I want to give silence back its voice, knowing that those moments can bring us closer than a thousand words ever could.

What I Read

Last month, I reached for a book in a category that’s a departure from my usual fare, picking up The Flame by Leonard Cohen, a collection of poetry published after the artist's death. This was a literal example of judging a book by its cover; I’ve never really listened to Cohen's music and rarely dive into poetry — but there was something about the book, and in learning that it was Cohen's final work, that compelled me to pick it up.

The poems span over half a century, from the 1950s up until his final years, and Cohen's inimitable voice (which even I as a non-listener can recognize) comes through clearly.

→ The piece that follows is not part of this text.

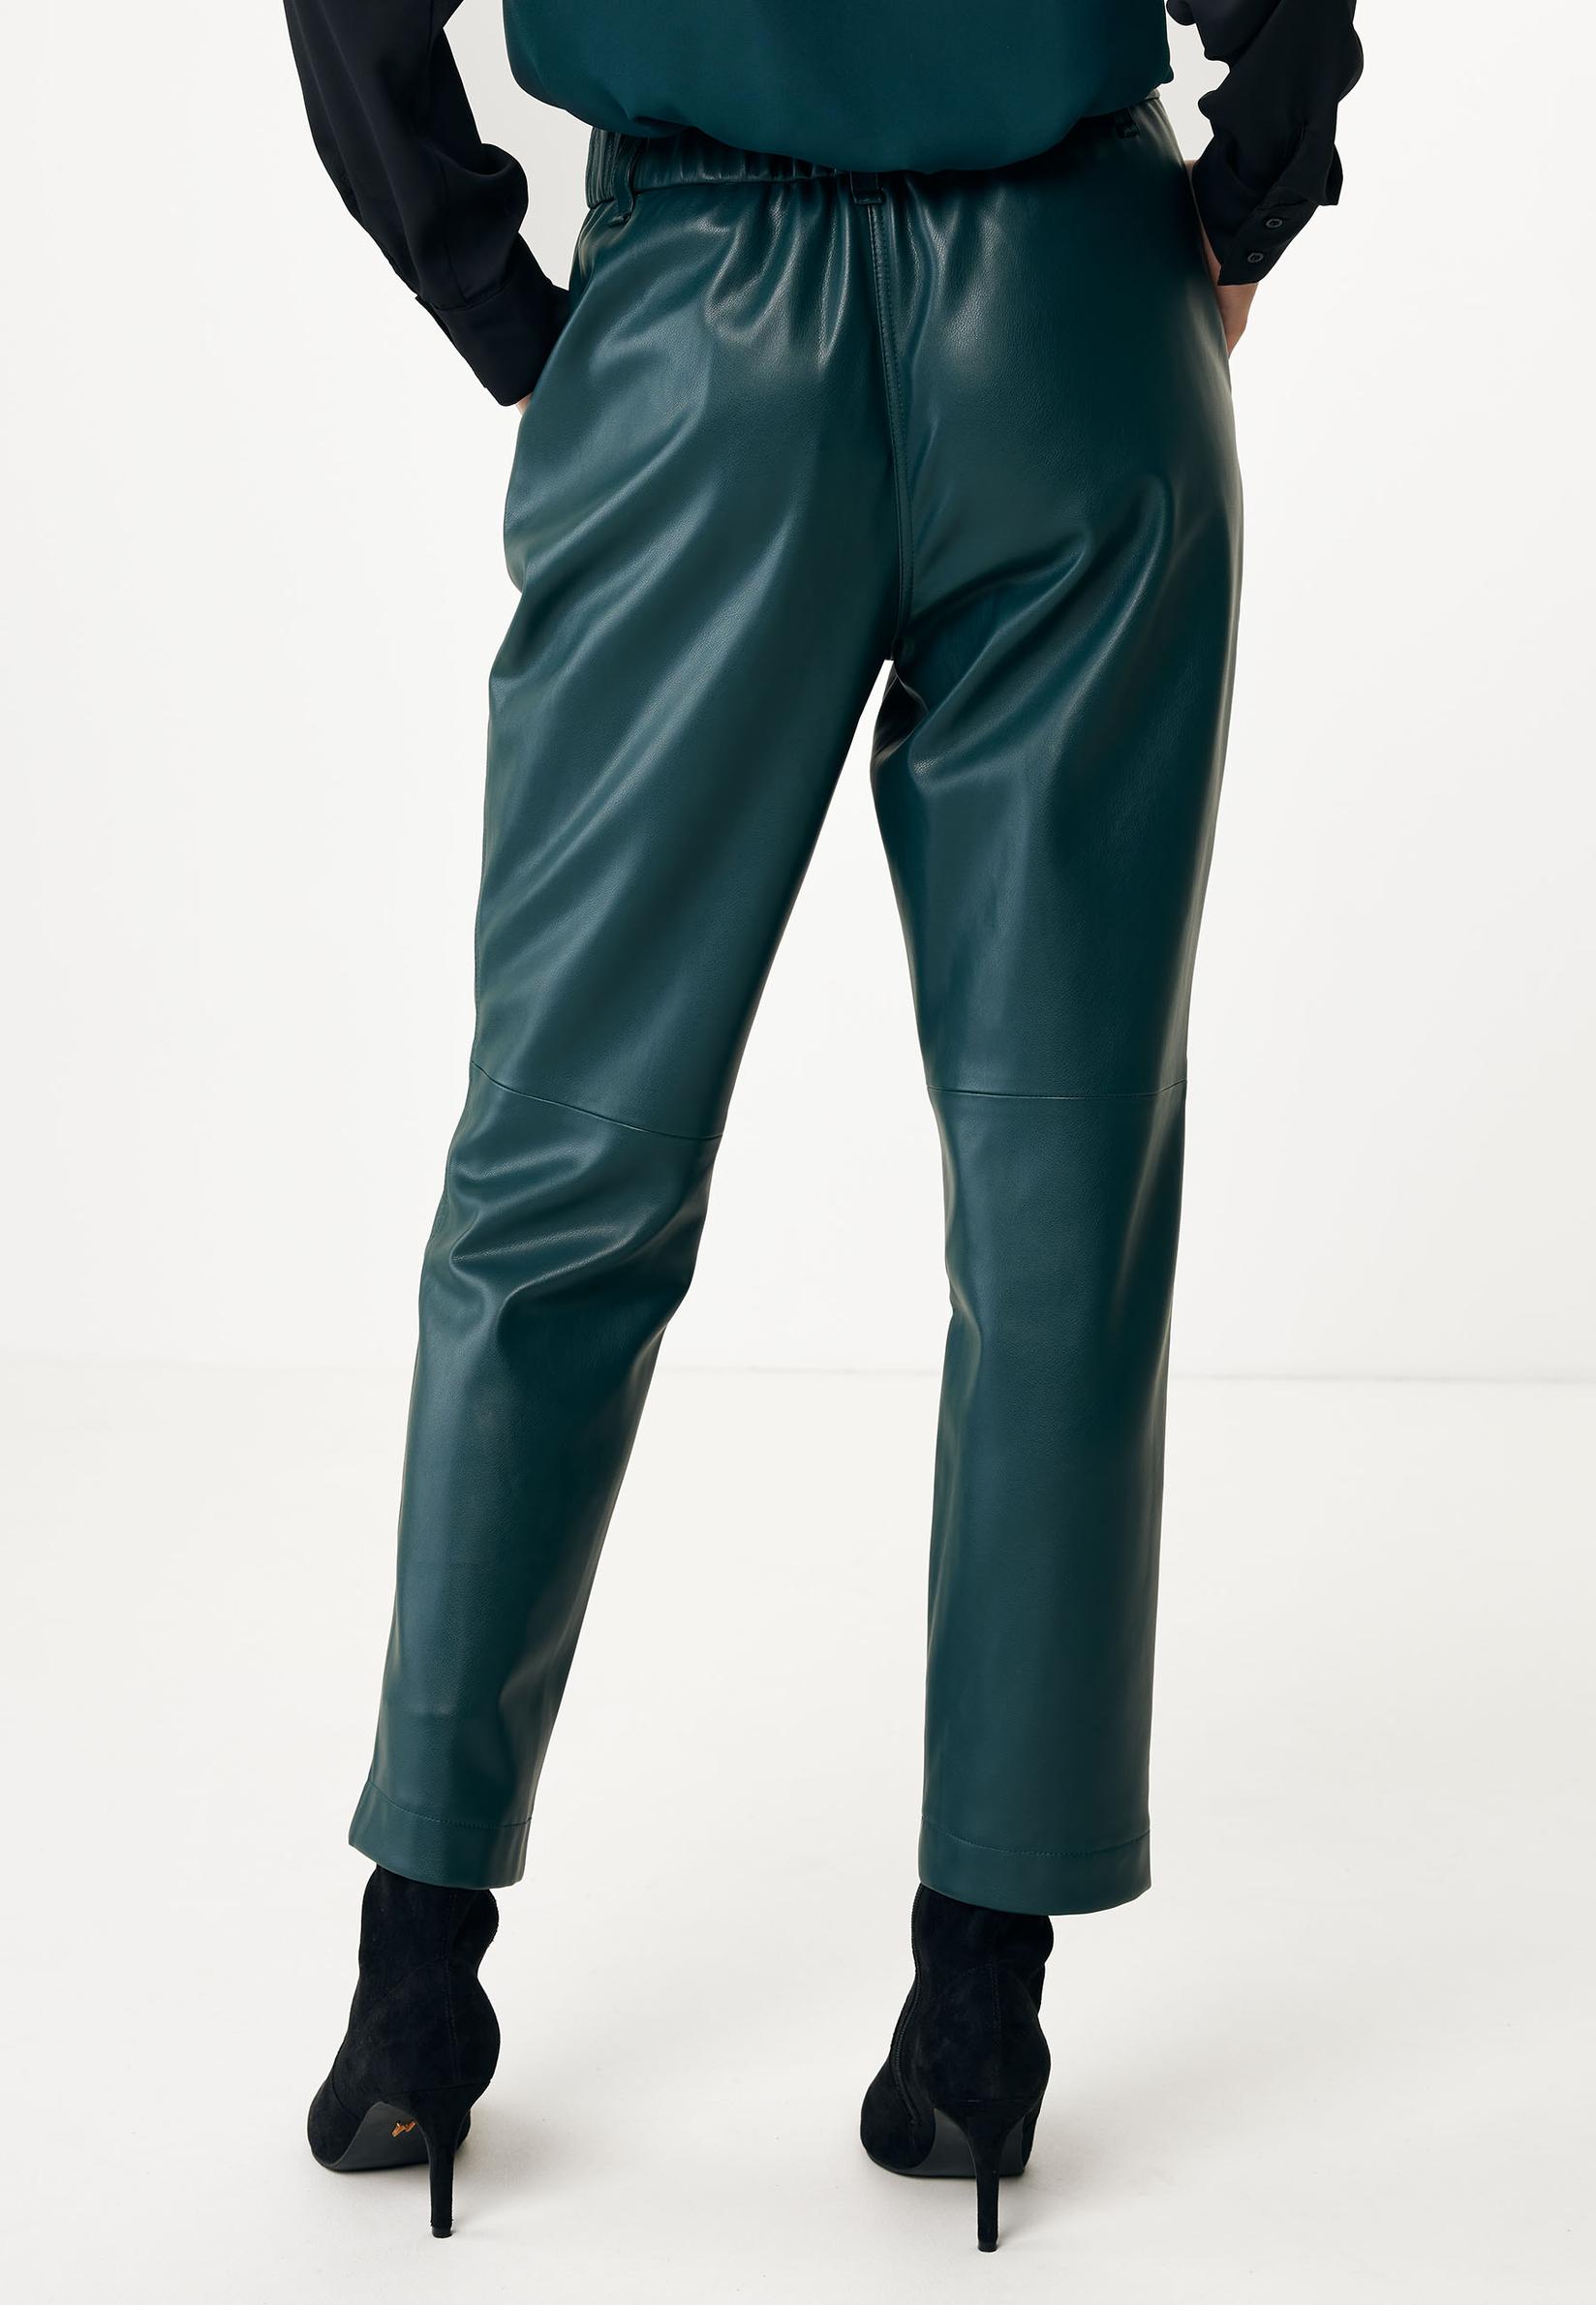 Selected image for MEXX Ženske pantalone zelene

In one poem he's talking casually of having an affair and losing his marriage, in the next he's grappling with existential questions and profound depths.

The unfiltered bluntness is jarring at first. But the more I sat with the poems, the more I appreciated the strange solace of their unflinching candor. Cohen's willingness to lay bare life's beauty and brutality in equal measure had a steadying effect, like a friend who always tells you the hardest truths you need to hear.

Stripped of melody, these ideas feel distilled to their essence. I put the book away weeks ago, but I've thought of it often. I think it's going to be a work I return to again and again, for the bittersweet comfort of keeping company with a voice capable of examining life with searing honesty. Cohen's words don't flinch away from the void, but they also don't forget to look for the light.

What I Watched

It had been ages since I ventured out to a movie theater.

The last film I caught was Barbie, a cultural phenomenon so steeped in references to Los Angeles that it felt almost mandatory to experience it on the big screen in LA. Since then, my movie-watching had been confined to the living room, until this week when I escaped the house to watch Monkey Man.

Last year I went on a binge of action films, devouring all four chapters of John Wick as well as 80s classics like Demolition Man and Robocop. Dev Patel's directorial debut fits right in with that crowd, and I'm glad I witnessed it before it inevitably gets chopped up into gifs and memes upon its digital release.

This is a revenge tale, but it's also a commentary on societal inequality, and it’s also an ode to outcasts and misfits finding their place, and it’s also a meditation on the hollowness of vengeance in the face of true purpose. For a movie that's mostly an unrelenting sequence of people getting beat up, it has surprising thematic heft.

Patel’s protagonist reminded me of Swayze's turn as Dalton in Road House. Both are men living by strict personal codes, unbound by society's rules and mores, so utterly committed to their beliefs as to become unstoppable forces. The best action films aren't just empty calories, instead they smuggle in social critiques, philosophical musings, and explorations of weighty themes under the guise of mayhem. They understand that even as we delight in spectacle, it can act in service of a story about forging identity and battling oppression.

Watch it on the biggest screen you can.